Nel suo intervento, lui aveva elogiato il lavoro fatto dai suoi colleghi per modernizzare le pratiche e per aver approfondito le caratteristiche delle composizioni dei farmaci sicuramente, ora, più efficaci, ma di aver disperso un sapere che veniva dalla conoscenza e dalla frequentazione con la malattia.
Lei aveva messo in evidenza la capacità di ascolto dei vecchi medici condotti, che sapevano curare prima con le mani e con il cuore e solo dopo con il prontuario.
Furono entrambi molto applauditi.
Intorno al buffet, organizzato in fondo alla sala, i due si scambiarono qualche parola.
Qualcuno dice che lui si fosse stupito di questo cambiamento nelle parole e nei gesti della giovane collega.
Quando lei, in età avanzata, chiese specificatamente di tornare a lavorare in paese, qualcuno pensò che ci fosse stato lo zampino del vecchio medico ora sepolto nell’ordinato cimitero.
Altri affermano che sul muro dietro la scrivania dell’ambulatorio, insieme al Presidente della Repubblica, c’è anche la foto dell’anziano dottore.
Sul tavolo, fa sfoggio di sé un saggio di grande successo sui medici di campagna scritto a quattro mani, le sue comprese.
Accanto, aperta e pronta all’uso, la borsa di allora, proprio quella del dottore che lei ha rispolverato.
Si dice che abbia insistito per farsi sistemare pure un calesse con tanto di cavallo, anche se questa mi sembra proprio una diceria.
Non lo è però, la notizia, che vada a trovare i pazienti quando stanno bene.
Si siede, saluta, fa domande e prende a mente gli appunti, poi corregge la dieta e prepara decotti con erbe che raccoglie sui campi.

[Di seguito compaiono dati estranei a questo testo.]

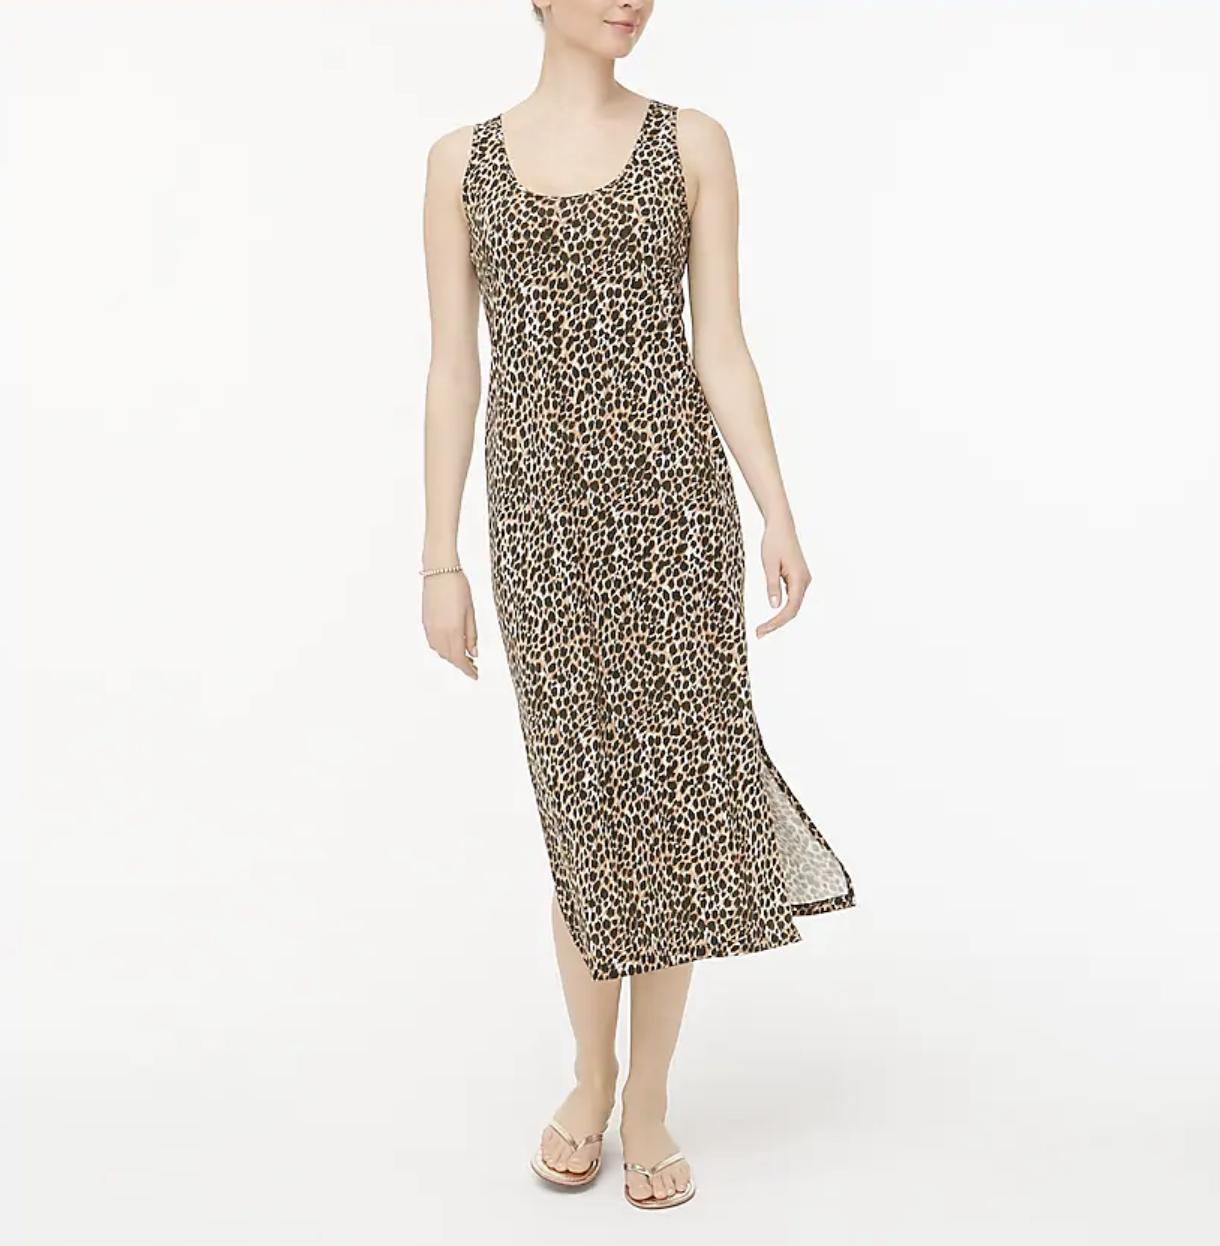 A model wears a leopard-print sleeveless knit midi dress
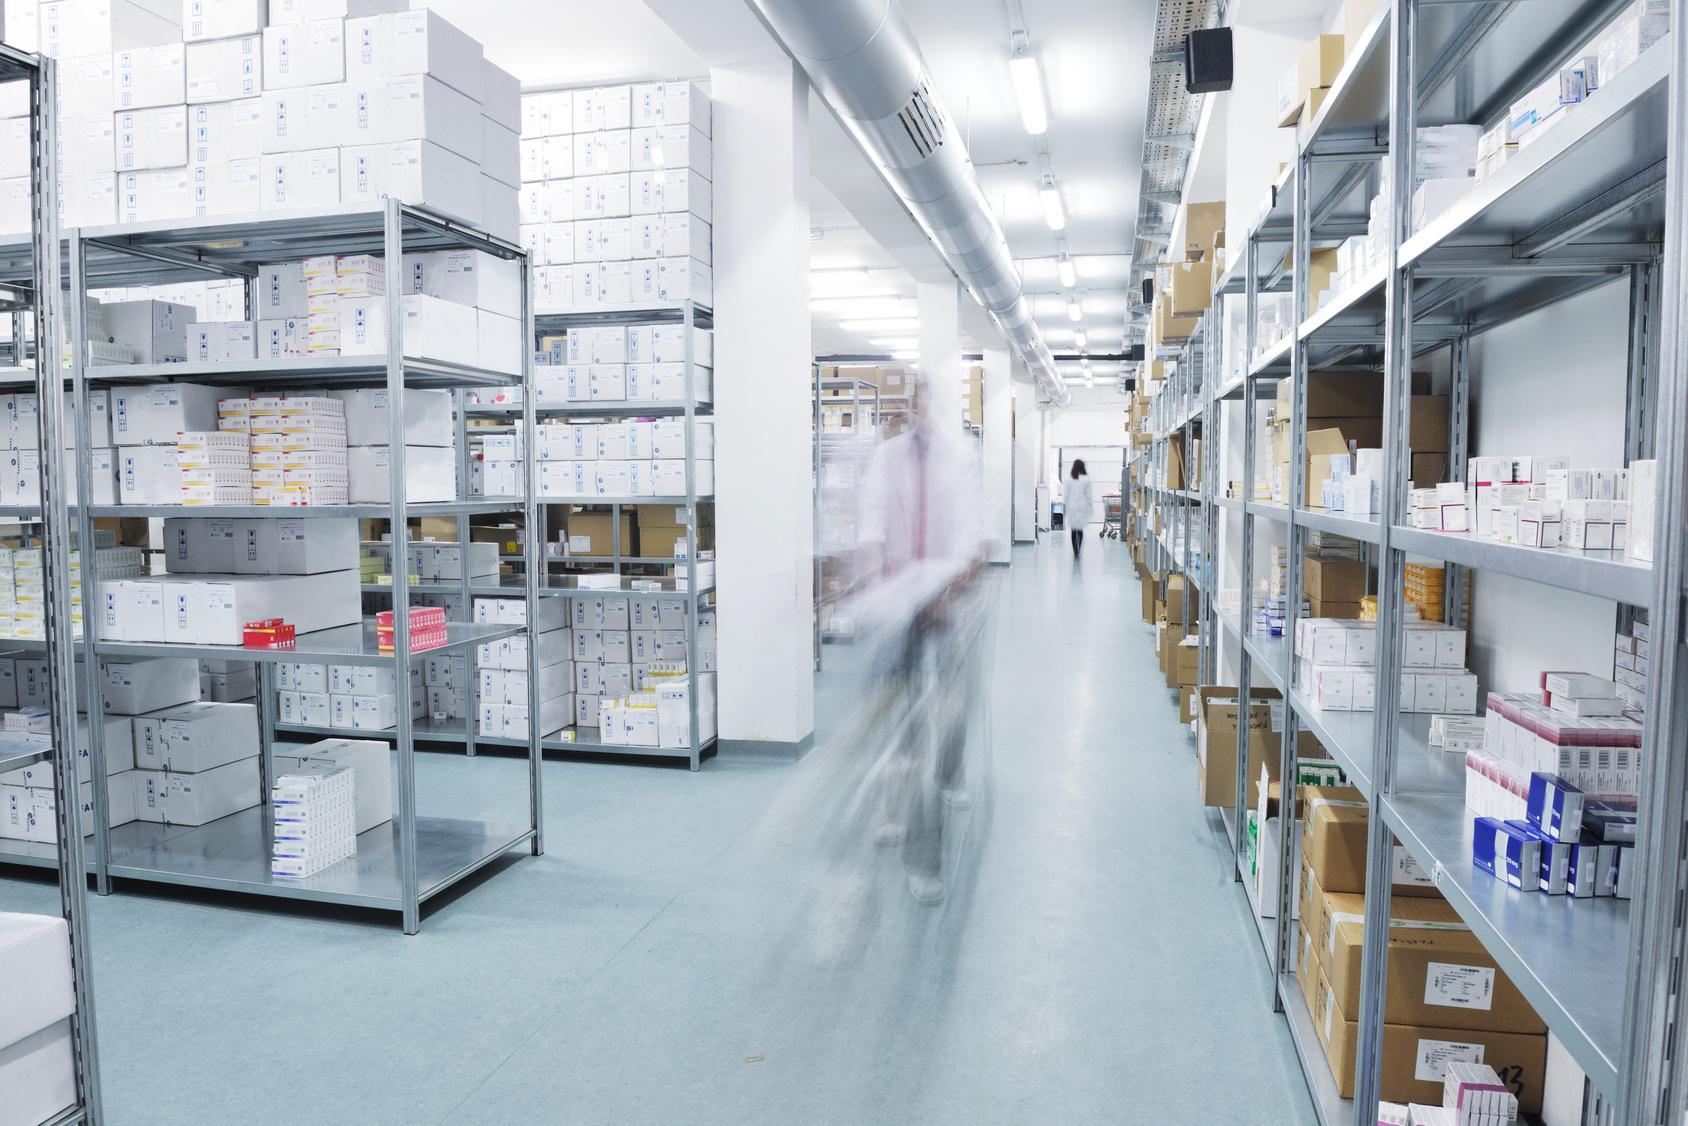 Global Pharmaceutical Warehousing Market 2018 – DB Schenker, DHL, Kuehne+Nagel, UPS, Agility, BDP International – Paris Ledger

Pare che su queste terre si trovino miracolose e santissime erbe che fanno bene a tutto. Qualcuno lo diceva, ma non veniva più ascoltato, almeno dai giovani.
Eppure, per lei, questo è il modo di assistere i suoi pazienti, ora, la ricetta arriva dopo, se arriva.
Quando passa per la via, risponde ai saluti con gesti sicuri, fiera del suo lavoro.
Aveva sperimentato su di sé la capacità di cura che nasce dalla conoscenza di se stessi.
Qualcuno raccontava che fosse stata tanti anni all’estero, in luoghi impervi e difficili, che avesse imparato a conoscere, capire ma ancor più a sentire, prima che a vedere, l’approssimarsi della malattia e il ritorno della salute.
Questa esperienza l’aveva trasformata, gli aveva permesso di trovare risorse interiori più nobili e sostituito quelle inutili.
La sua non era più una professione, ma un mestiere.
Con la laboriosità e l’attitudine al dettaglio aveva trovato la misura del suo ruolo.
Ora, nonostante l’età, va ripetendo, a chi ci parla, che il nostro benessere è frutto della capacità di essere in armonia con il mondo circostante, che ognuno di noi è collegato a un filo solo apparentemente nascosto ma ben visibile.
Per acciuffarlo, bisogna portare il cuore negli occhi, i polmoni nelle orecchie e l’empatia sul palmo della mano.